Article Synopsis
Thumb hypoplasia is a component of radial longitudinal deficiency. The severity of hypoplasia can range from a slightly smaller thumb to a complete absence. Types II and IIIA hypoplastic thumbs are candidates for reconstruction to improve function, stability, and strength. There are two commonly used tendon transfers that can augment thumb opposition strength, the Huber abductor digiti minimi muscle transfer and flexor digitorum superficialis (FDS) opposition transfer. Both transfers utilize ulnar sided structures to augment the thenar musculature. The Huber opposition transfer increases thenar bulk, but does not provide additional tissue for metacarpophalangeal (MP) stability. In contrast, the FDS opposition transfer utilizes the flexor of the middle or ring finger to augment the thenar musculature without increasing bulk, but does have additional tendon to allow for reconstruction of the thumb MP joint.
Keywords: hypoplastic thumb, radial longtitudinal deficiency, Huber, flexor digitorum superficialis, opposition transfer
Background
Thumb hypoplasia is a manifestation of radial longitudinal dysplasia (RLD), incomplete development of the radial or preaxial side of the upper extremity. Thumb hypoplasia describes underdevelopment of the thumb and its related structures. When treating individuals with thumb hypoplasia, the surgeon should always be aware of the potentially life-threatening associated conditions and syndromes. These include Fanconi's anemia, Holt-Oram syndrome, VACTERL association, and Thrombocytopenia Absent Radius (TAR) syndrome. We recommend screening for all individuals with thumb hypoplasia for these conditions by either referring the patient for a genetics consultation or obtaining a complete blood count, renal ultrasound, cardiac evaluation, spine radiographs, and consideration of chromosomal breakage test for Fanconi's anemia.
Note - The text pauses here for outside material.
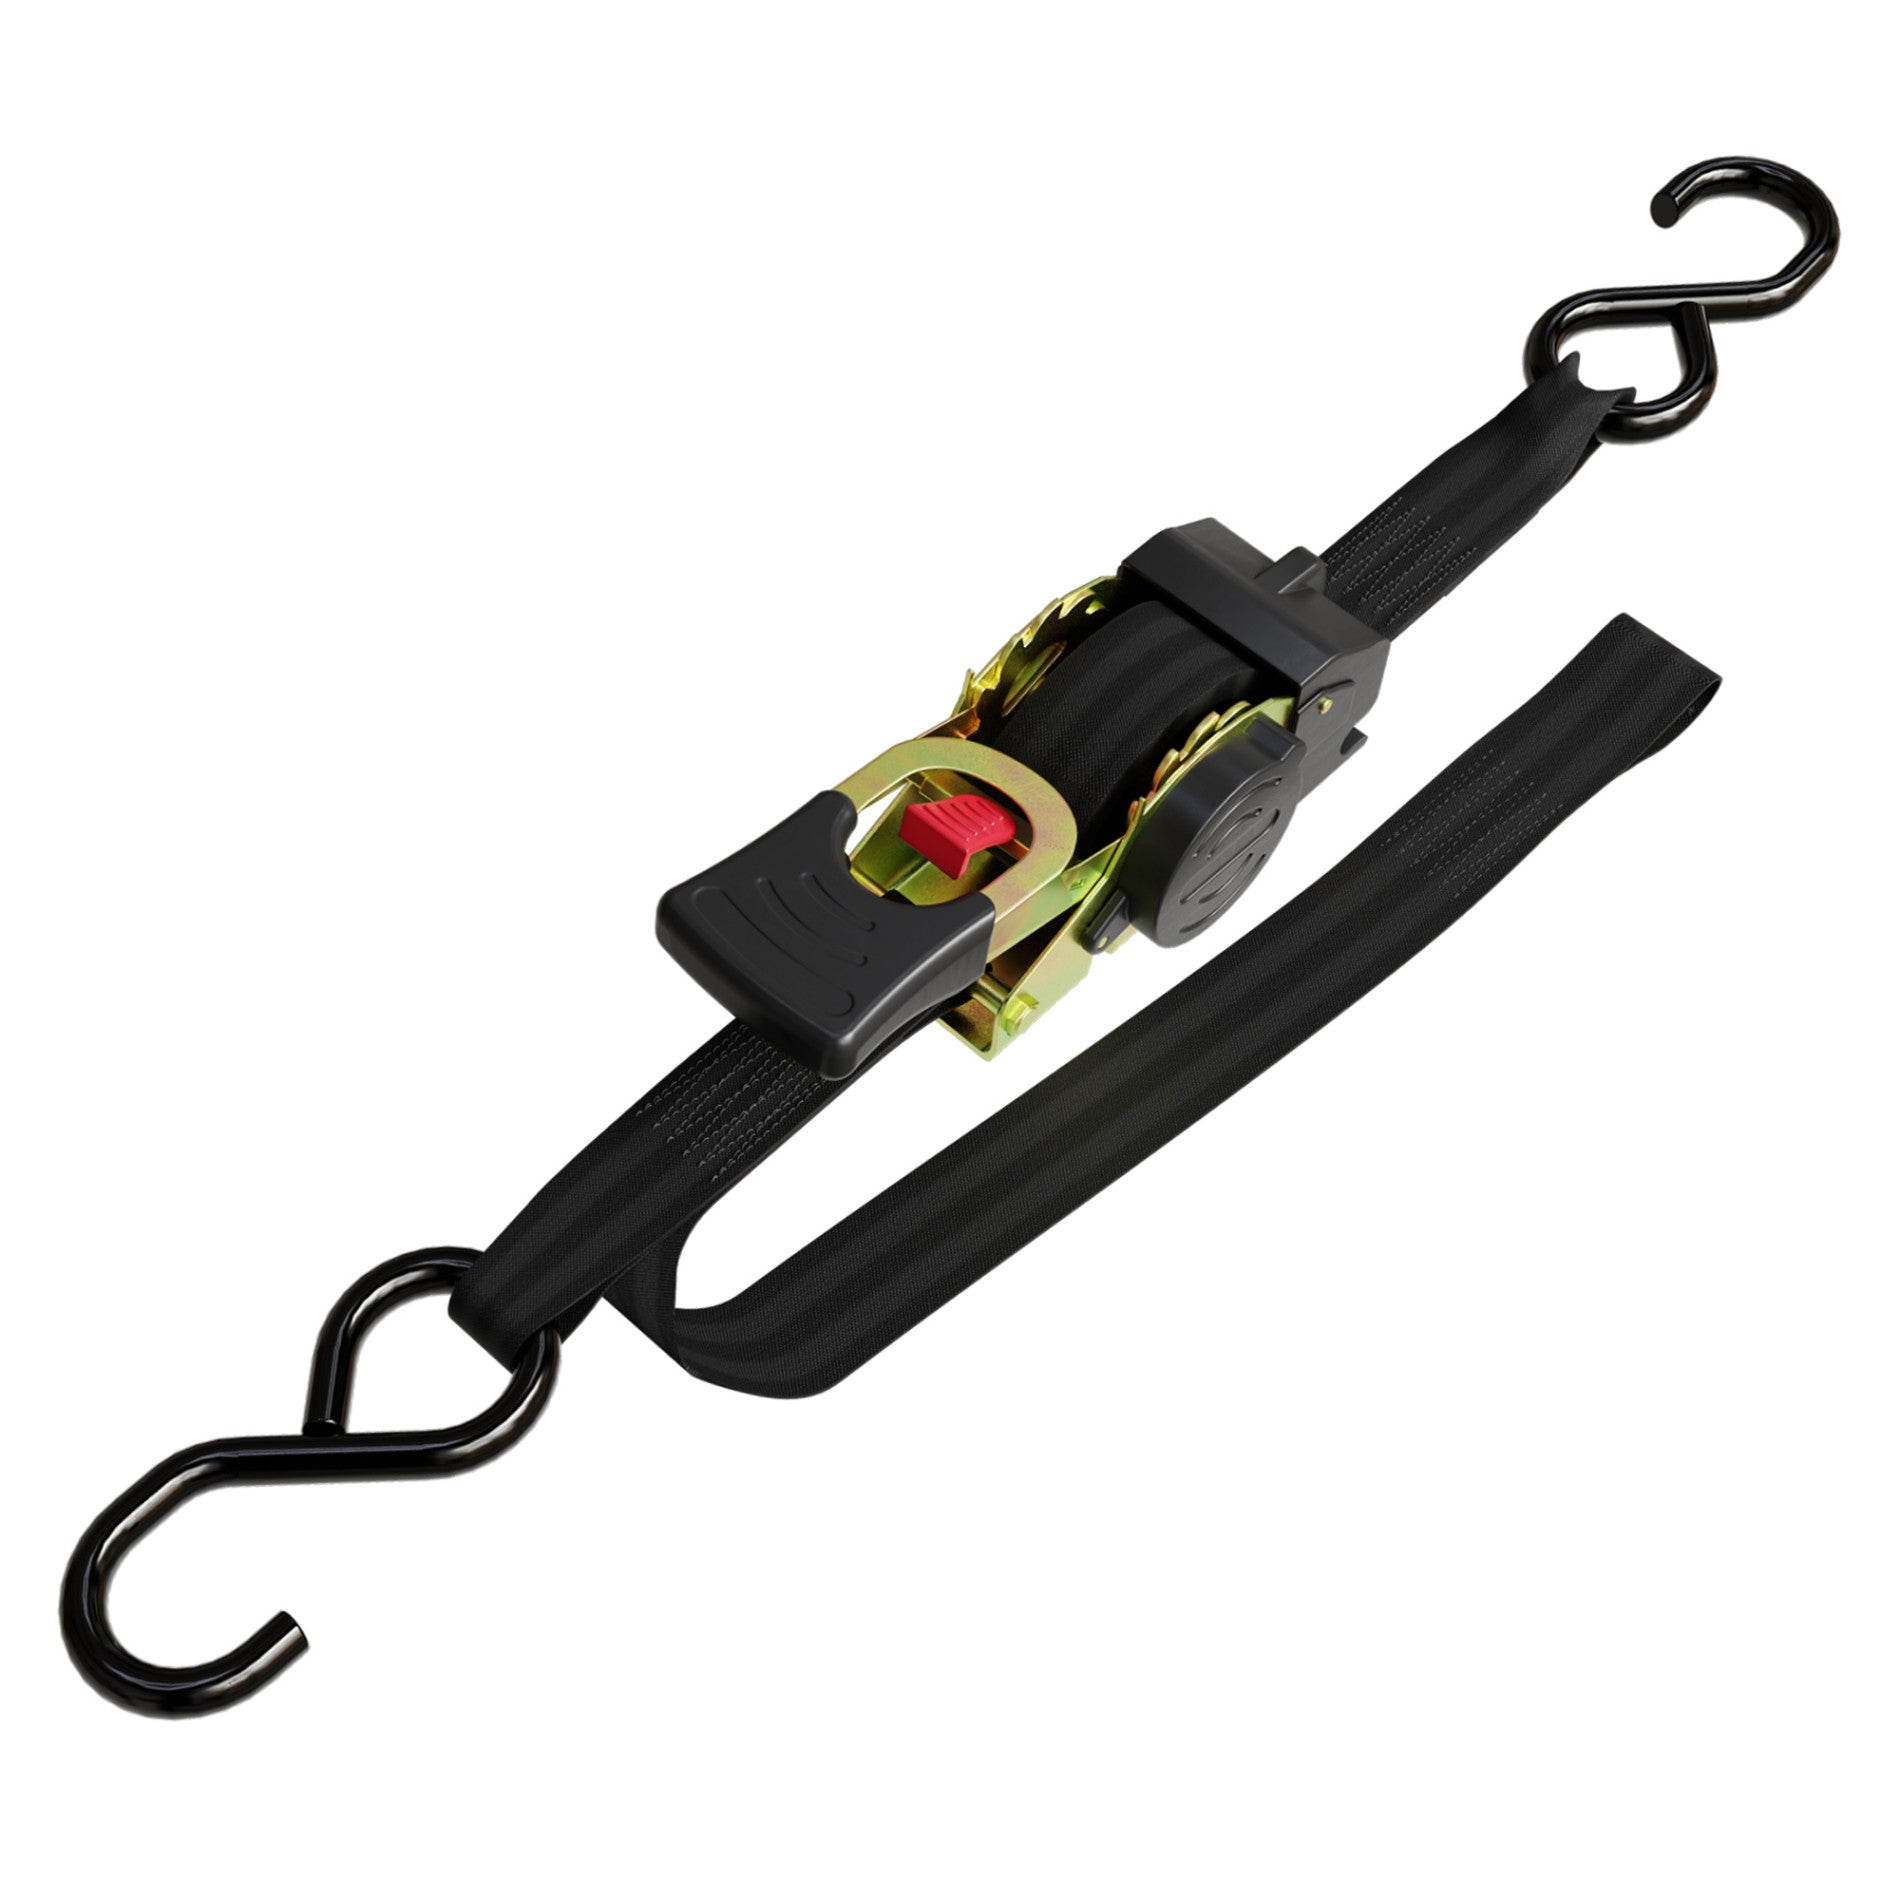 1 x 6' Motorcycle Ratchet Tie-Down Strap with Integrated Soft Loop, Flat Snap  Hook - Black

Once the screening has been complete, attention can be placed to the hand for evaluation of thumb function.
Thumb hypoplasia was originally classified by Blauth (1) and subsequently modified by Buck-Gramko and Manske et al (2,3) (Table 1). The classification system is dependent on the degree of hypoplasia, ranging from a slightly smaller thumb to a completely absent thumb. The modification proposed by Manske et al divides grade III based on the stability of the thumb CMC joint (3). The modified classification provides surgeons guidance with regards to treatment of these underdeveloped thumbs. While some surgeons may choose to reconstruct all forms of hypoplastic thumbs, most Western surgeons utilize the classification and reconstruct thumbs type II and IIIA, and choose pollicization for grades IIIB, IV, and V thumbs.
Table 1.
Thumb hypoplasia classification of Blauth as modified by Manske.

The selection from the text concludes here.